Chen Xiwo

Born in 1963, CHEN XIWO is a native of Fujian Province. After graduating from Fujian University, he lived in Japan from 1989 to 1994. He first worked as a ‘mamasan’ in a Tokyo brothel before starting a career as Professor of comparative literature. A characteristic theme of his writing is sexual and political corruption. In June 2007, the China Customs intercepted the galley proof of The Book of Sins mailed to the author by his Taiwanese publisher. Chen launched a legal case against the Chinese government for banning the book and an uproar exploded in the media at the absurdity of a writer having his own book confiscated. He lost the case. 

Due to Chen’s refusal to compromise about his often controversial writing, it was nearly 20 years before his books could be published in China. An English PEN Award winner, The Book of Sins is the first of Chen Xiwo’s works to be published in English.

 



 

The Book of Sins

Banned in China, The Book of Sins is an unforgettable journey to the dark side of the human psyche.

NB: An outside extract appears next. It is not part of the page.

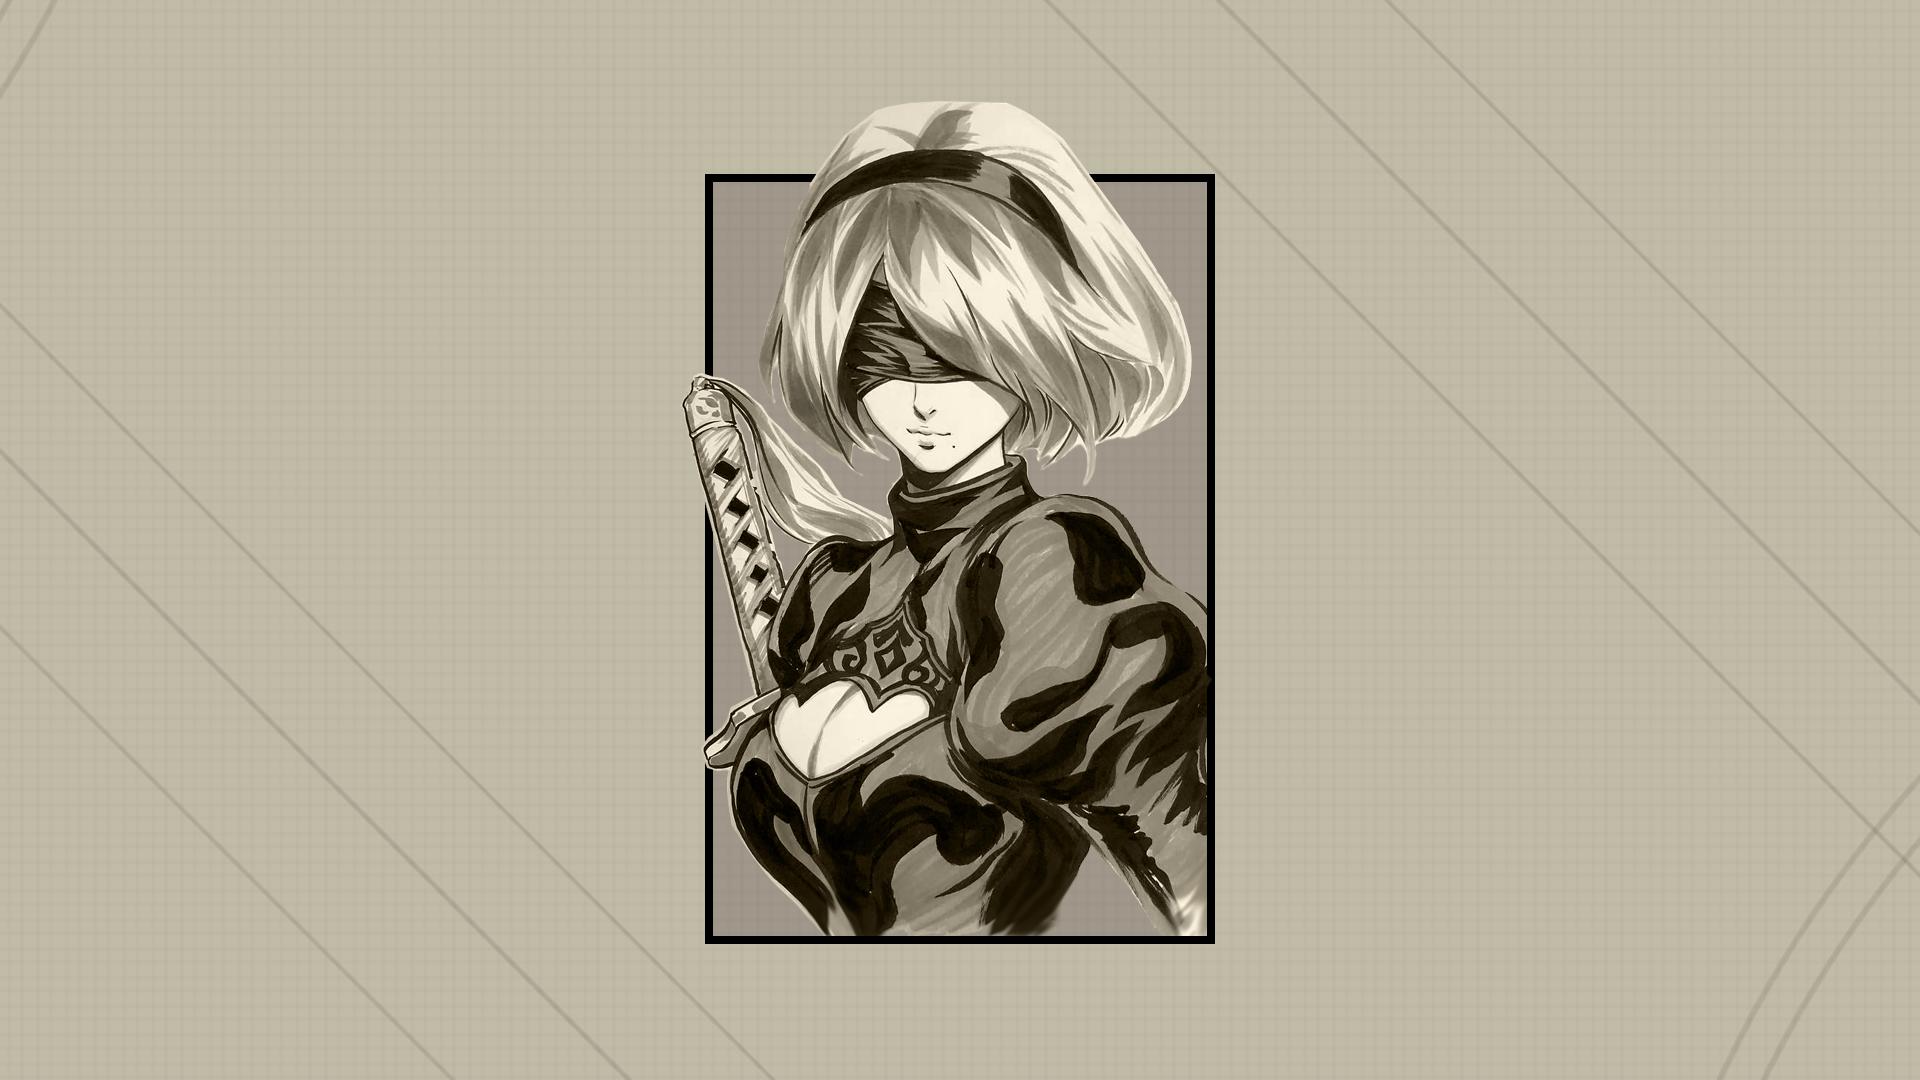 Anime 1920x1080 Nier: Automata 2B (Nier: Automata) render in shapes

Seven linked novellas offer readers a disturbingly brilliant take on rape, incest, S&M, impotence, and voyeurism and explore the relationship between sexual and political control and deviance.

In I Love My Mum, a disabled man shares a bed with his mother and is arrested for murder. One of Chen’s most famous novellas, incest is used as a metaphor for a dysfunctional society. 

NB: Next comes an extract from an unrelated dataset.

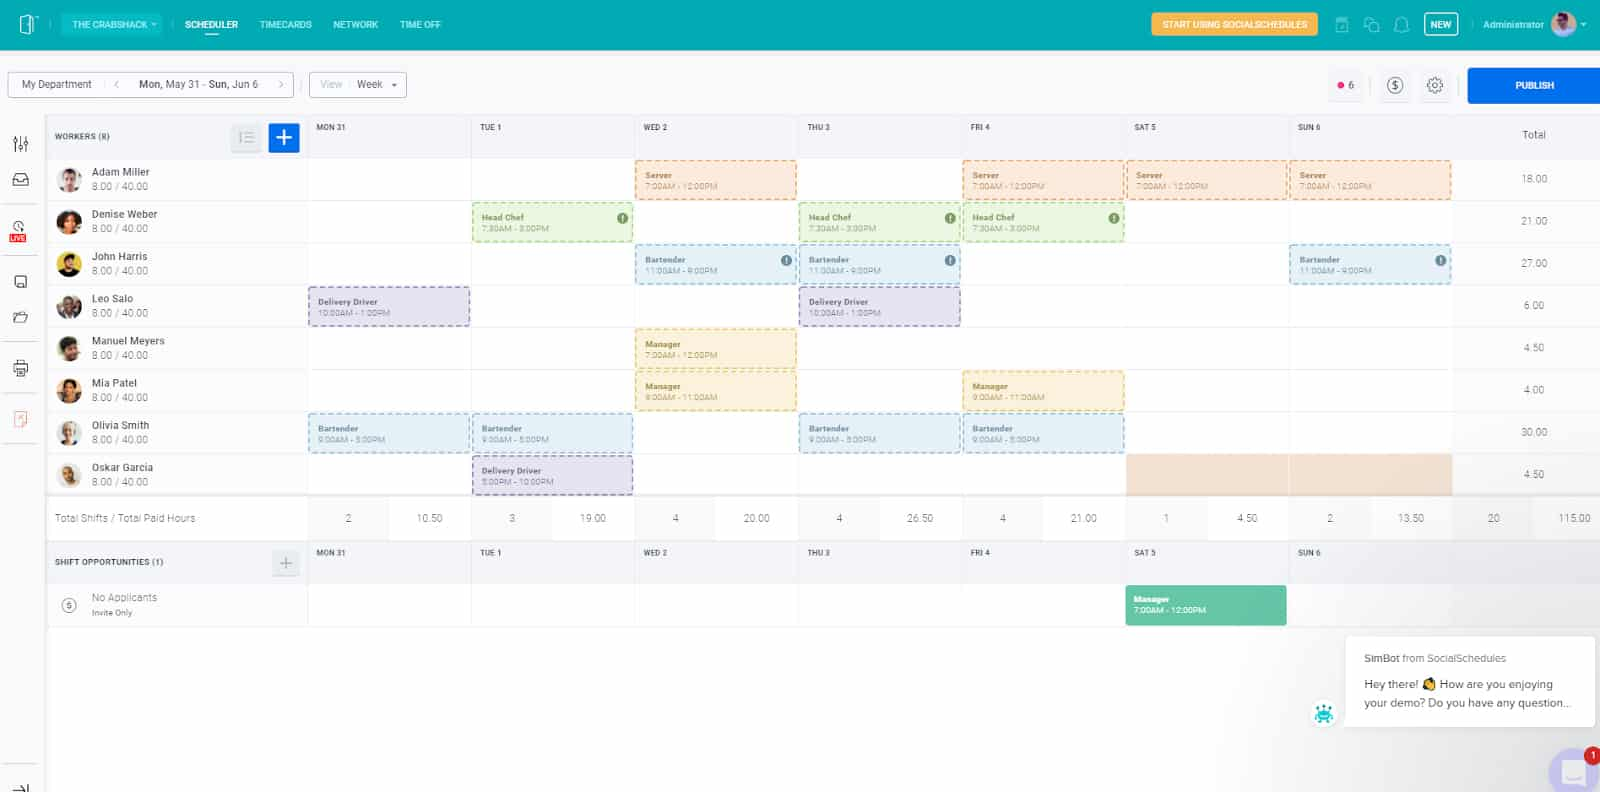 Screenshot of SocialSchedules scheduling dashboard

In Kidney Tonic, a resident of an exclusive gated community indulges in voyeuristic fantasies about the sex lives of his neighbours. 

In Going To Heaven, the son of a village undertaker tries to convince his friend to enter a suicide pact.

Banned in China, The Book of Sins is a terrifying exploration of the human psyche and will appeal to fans of fiction by the likes of Irving Welsh and early Ian McEwan.

Translated by award-winning Nicky Harman, The Book of Sins brings a courageous and outspoken Chinese novelist to wider prominence.